Allattamento a richiesta: quante poppate fa un neonato, mese per mese

Dott. Samuel Dallarovere · aggiornato il 5 settembre 2026

In breve. Allattare a richiesta vuol dire attaccare il bambino quando lo chiede, di giorno e di notte, senza orari fissi. Lo studio che ha pesato i bambini prima e dopo ogni poppata per 24 ore ha trovato una media di 11 poppate al giorno fra 1 e 6 mesi, con estremi da 6 a 18, e nessun legame fra il numero di poppate e la quantità di latte prodotta in una giornata. Fra il primo e il terzo mese le poppate diminuiscono e si accorciano mentre il latte assunto resta lo stesso: il bambino diventa più efficiente, non sta mangiando meno.
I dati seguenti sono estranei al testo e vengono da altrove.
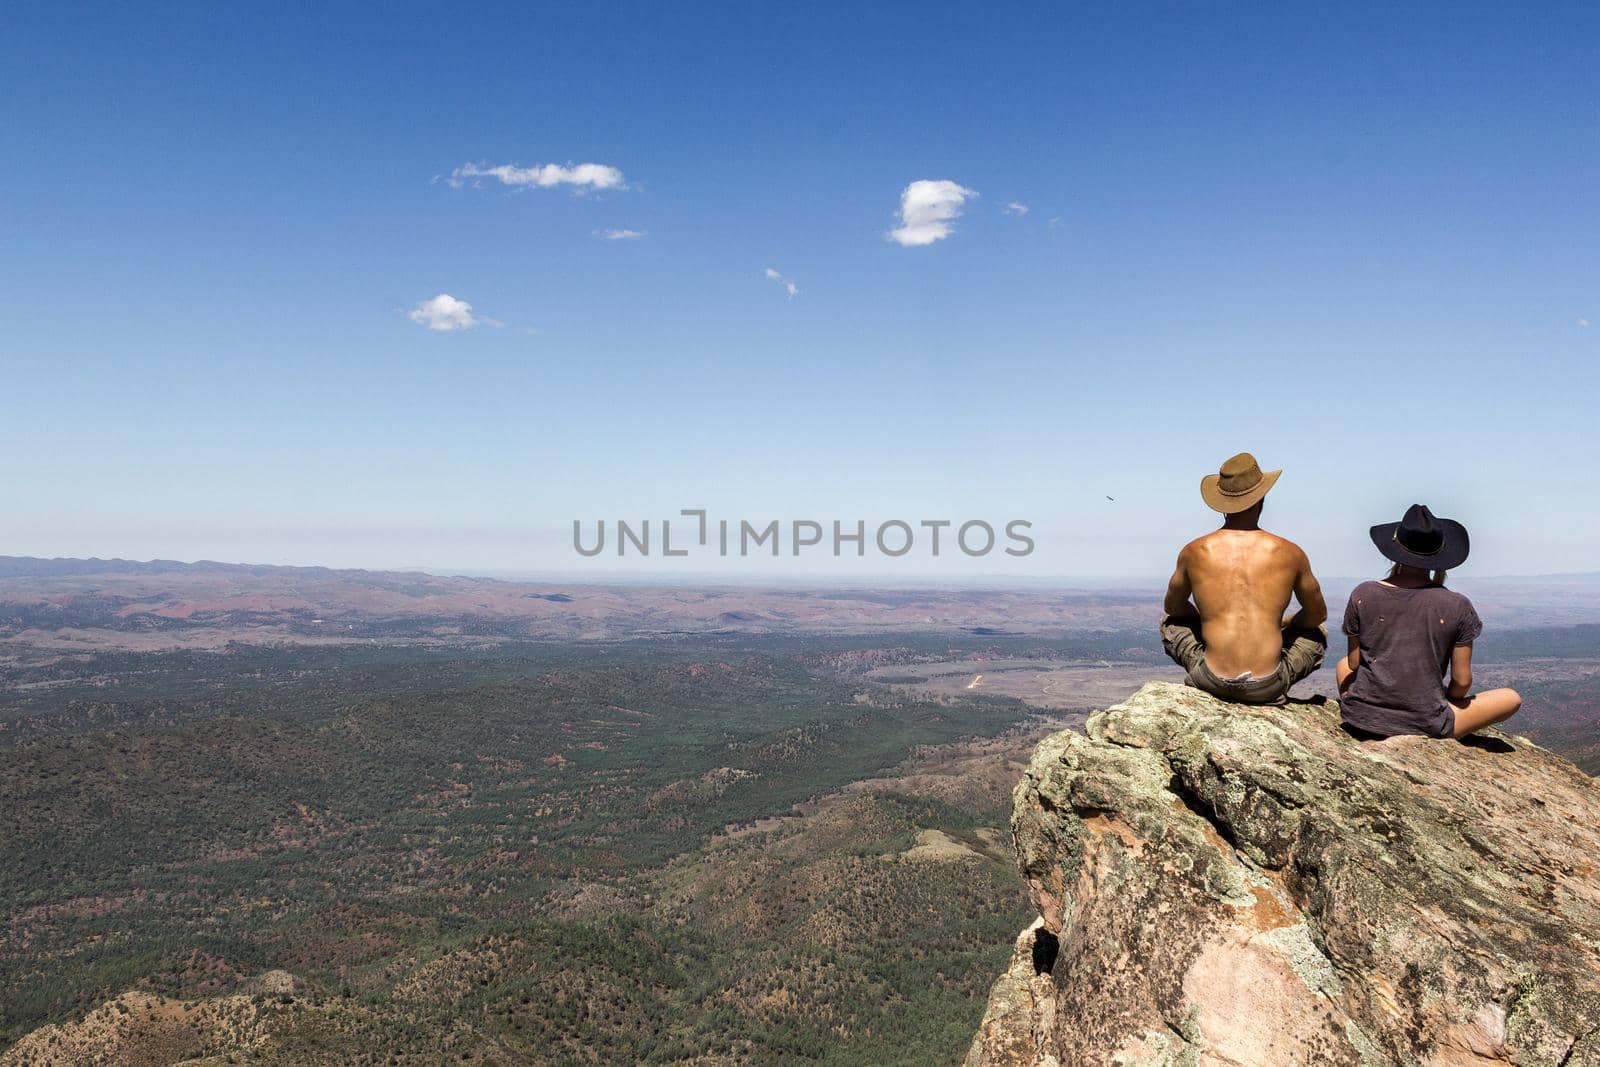 jung women and men sitting on St Mary's Peak from the Flinders Ranges National Park by bettercallcurry

Anche con il latte artificiale il principio non cambia, cambia il fatto che il biberon si può svuotare anche quando il bambino è già sazio, quindi va dato guardando lui e non il livello nella bottiglia.

Alle undici di sera è la settima volta che lo attacchi, e qualcuno ti ha detto che a quest’ora dovrebbe aver finito da un pezzo. Intanto sul telefono hai aperto tre pagine che danno tre tabelle diverse di quante poppate dovrebbe fare alla sua età.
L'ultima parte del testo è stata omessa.